Assignment:
Return exactly the lines of the records below, starting at the line that contains "Green Seal awarded" and ending at the line that contains "CATERPILLAR 320DL, NOV- 2010, 9108HRS, New", with both of those lines kept.

Data excerpts:
+-------+

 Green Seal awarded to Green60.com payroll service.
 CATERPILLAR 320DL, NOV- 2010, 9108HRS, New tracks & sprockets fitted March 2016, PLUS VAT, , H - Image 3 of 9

+-------+

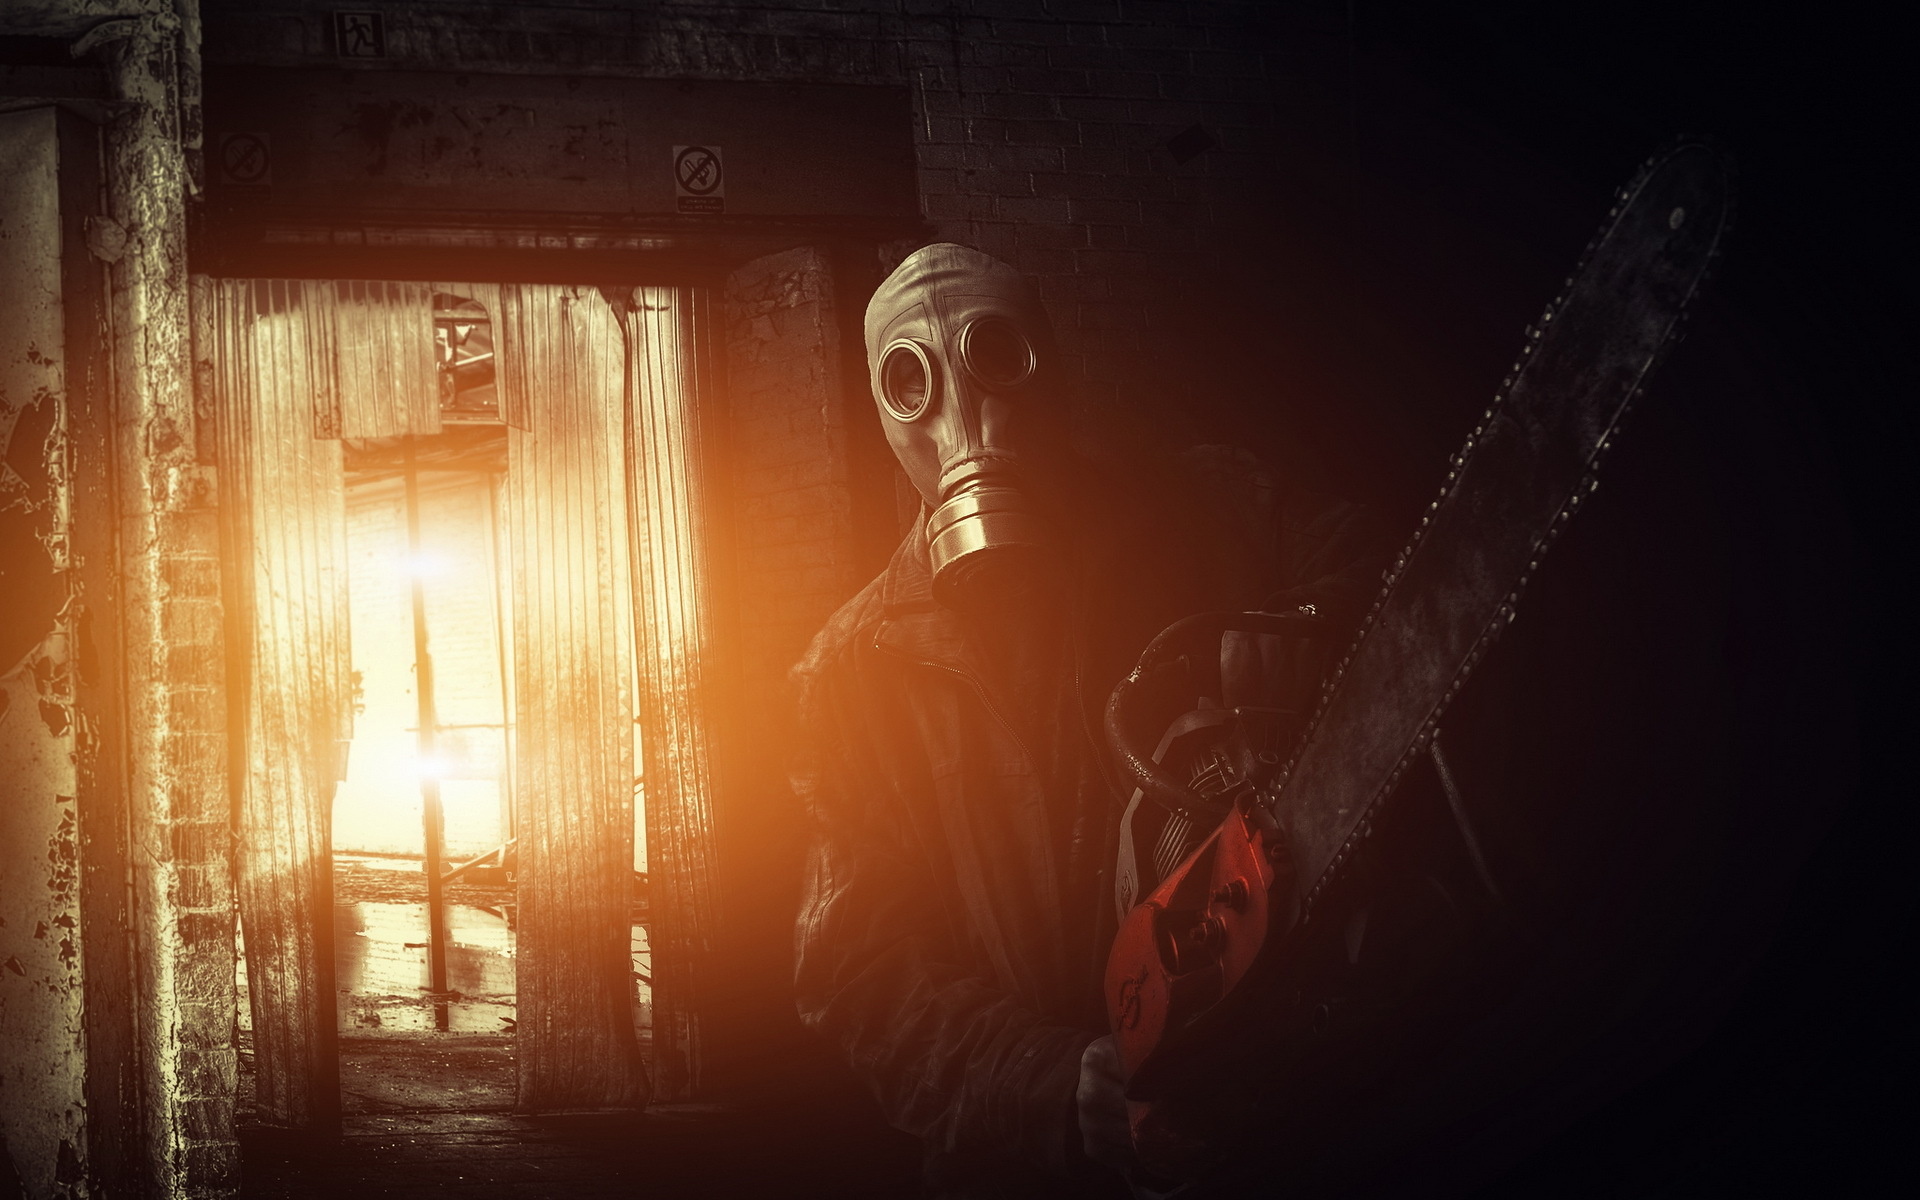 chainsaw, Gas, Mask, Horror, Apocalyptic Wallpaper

+-------+

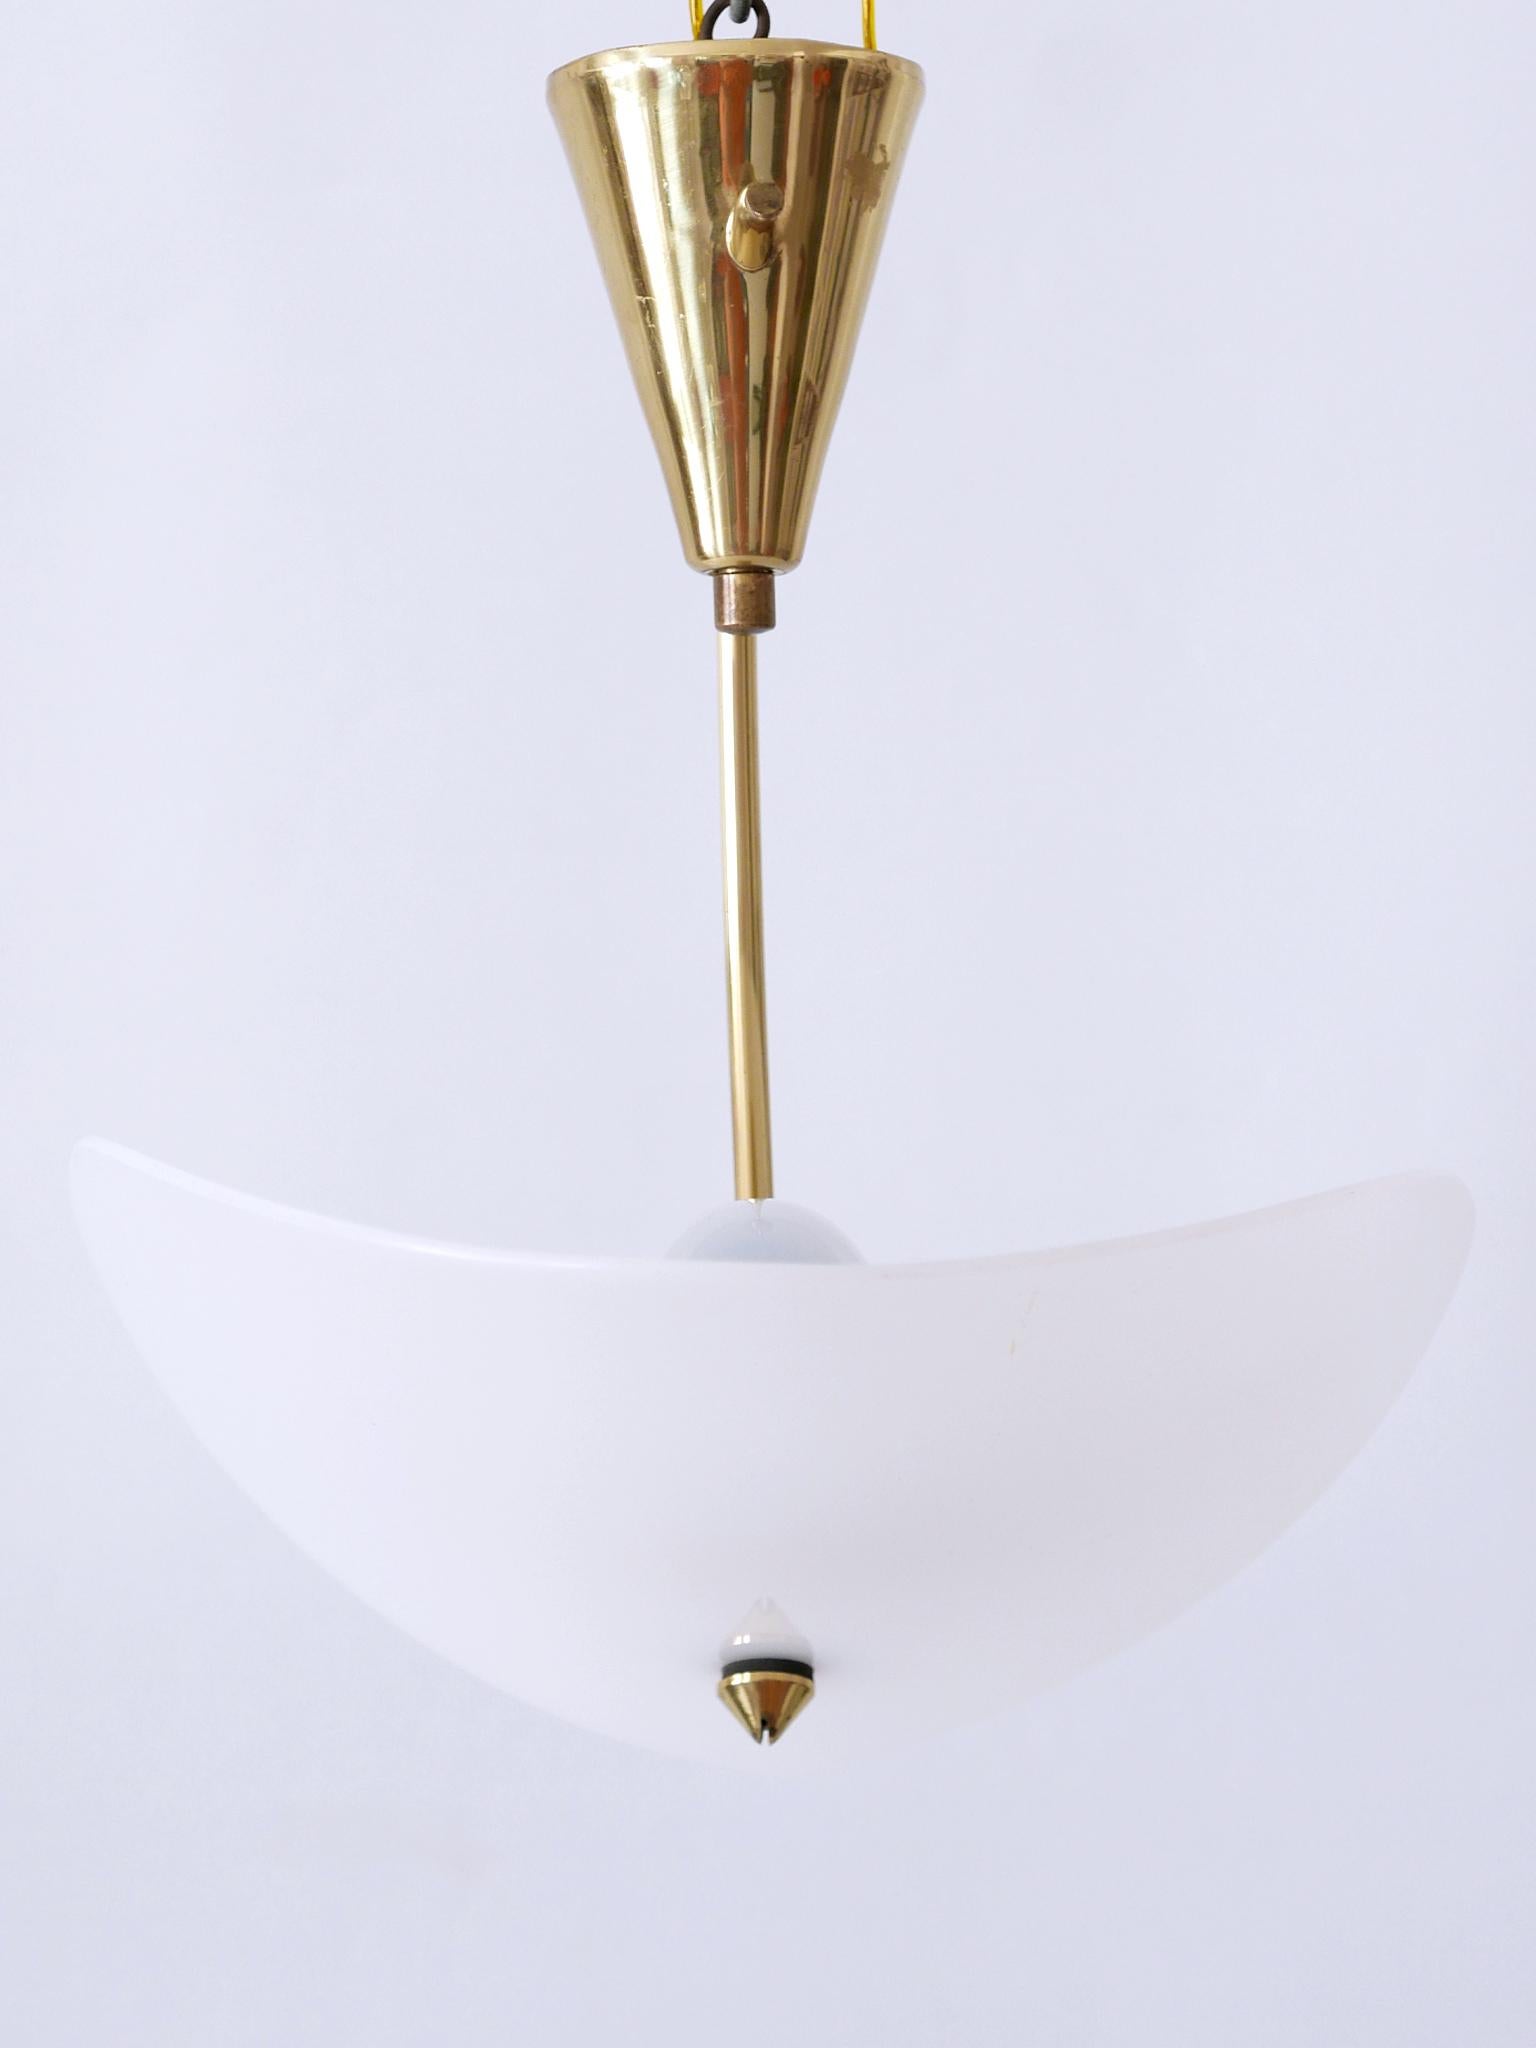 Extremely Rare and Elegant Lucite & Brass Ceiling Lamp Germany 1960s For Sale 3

+-------+

Answer space:
 Green Seal awarded to Green60.com payroll service.
 CATERPILLAR 320DL, NOV- 2010, 9108HRS, New tracks & sprockets fitted March 2016, PLUS VAT, , H - Image 3 of 9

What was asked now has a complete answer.